The Trump administration has tapped a former Louisiana health official who ordered a stop to promotions of mass vaccination events last winter to be the Centers for Disease Control and Prevention's new principal deputy director.
Why it matters: The move begins to fill out the top ranks of the CDC, whose leadership was left in limbo after a wave of high-level departures this summer, including the August firing of former director Susan Monarez.
Driving the news: Former Louisiana Surgeon General Ralph Abraham was listed as CDC's principal deputy director on an internal email server, Inside Medicine first reported on Tuesday.
- Health and Human Services later confirmed his appointment, which is not subject to Senate confirmation.
- He would be the most senior medical professional at the public health agency, serving under acting director Jim O'Neill, a former Silicon Valley investor and entrepreneur.
Abraham was a three-term congressman from 2015 to 2021 who spent 10 years as a veterinarian before going to medical school and then practicing family medicine, according to his official biography.
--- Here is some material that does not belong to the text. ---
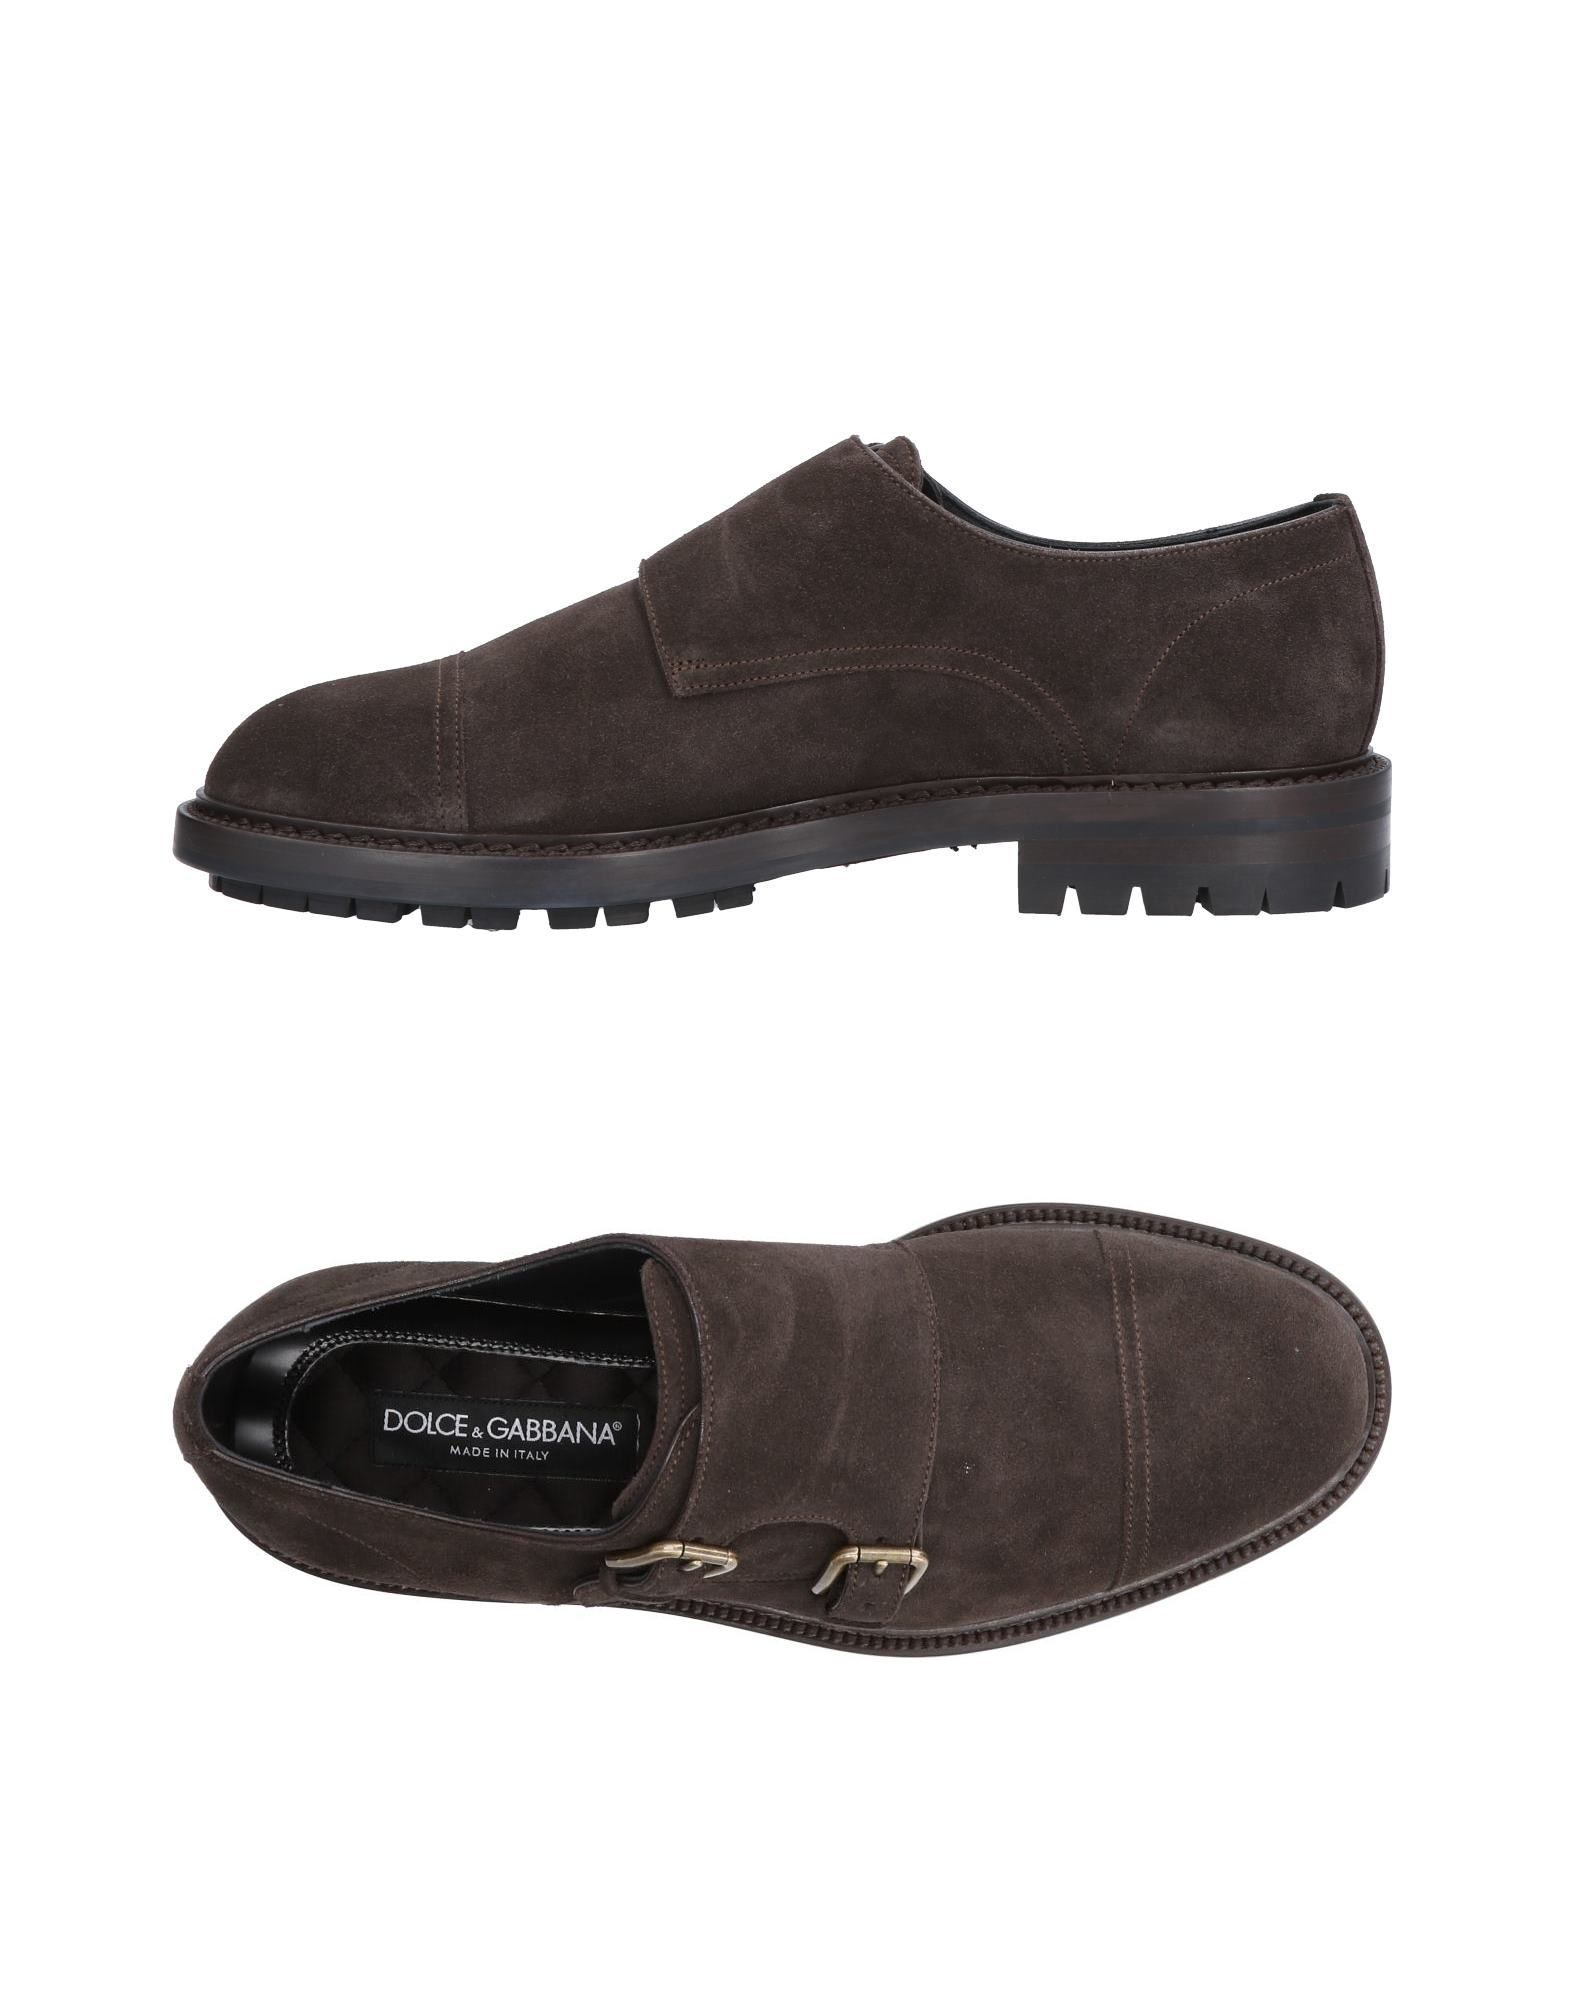 Dolce & Gabbana Mokassins Herren  11488685IV Gute Qualität beliebte Schuhe

In February, Abraham issued an internal memo to Louisiana's health department that it would no longer use media campaigns or health fairs to promote vaccination against preventable illnesses, the New York Times reported.
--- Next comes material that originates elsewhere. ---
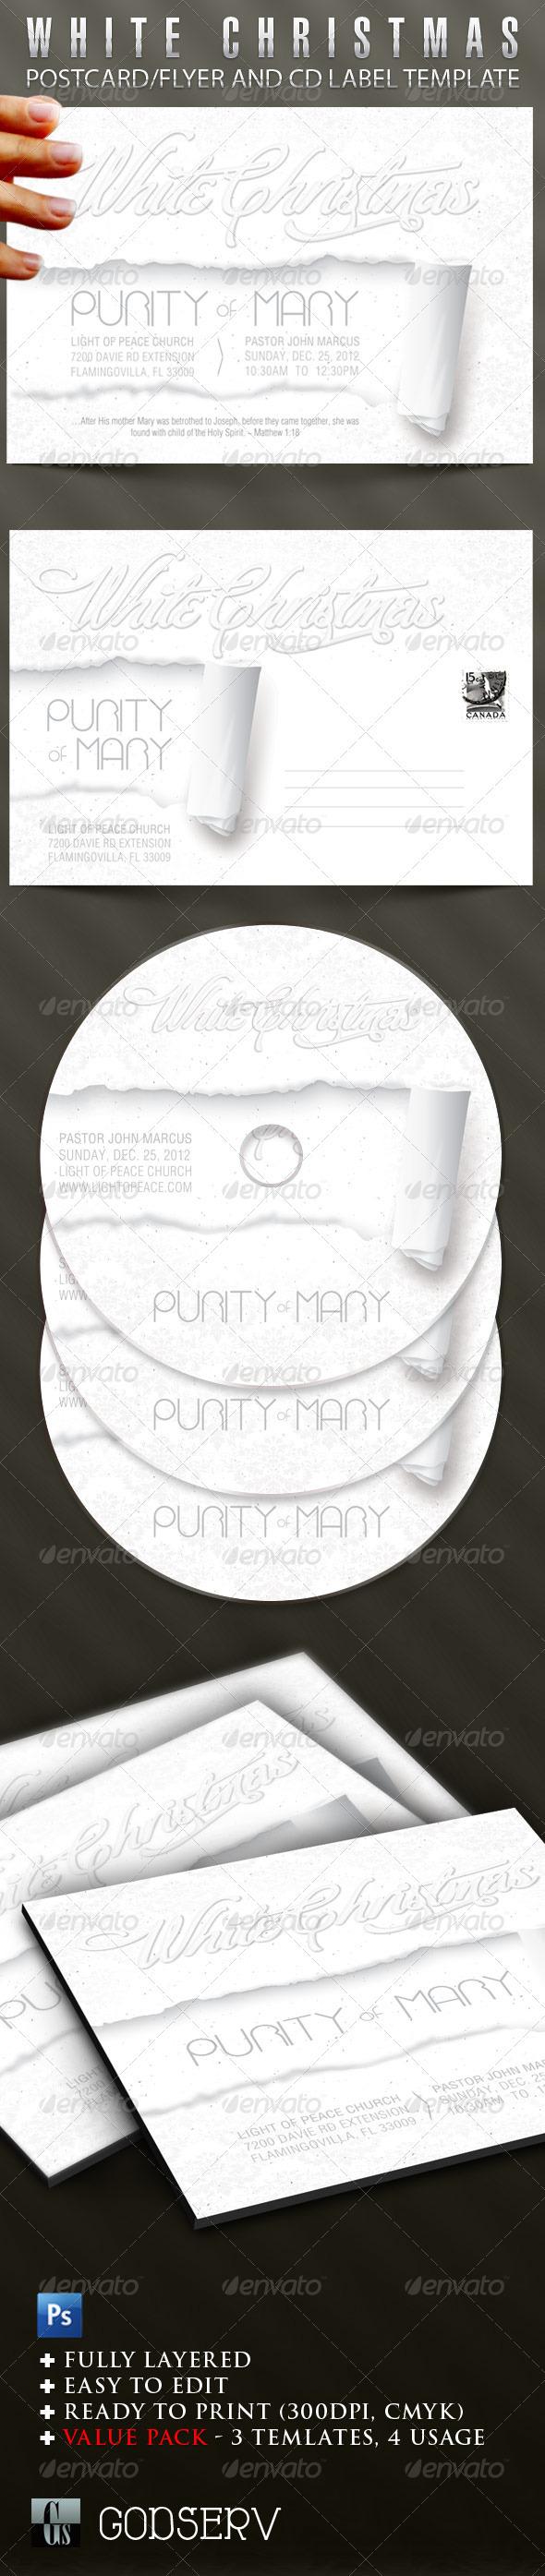 White Christmas Flyer CD Template - Church Flyers

- He has also publicly sparred with Senate health committee Chair Bill Cassidy (R-La.) over vaccines, saying he doesn't believe COVID-19 shots are safe and admonishing Cassidy, also a physician, to "stay in his lane."
- During the pandemic, he backed efforts to make the unproven COVID treatment ivermectin available without a prescription and recommended it to his own patients as a treatment for the virus, per the Shreveport Times.
- MedPage Today found that out of about 12,000 practicing physicians in 2021, Abraham was the seventh highest prescriber of ivermectin in the state, even though it had already been found to be ineffective in treating COVID.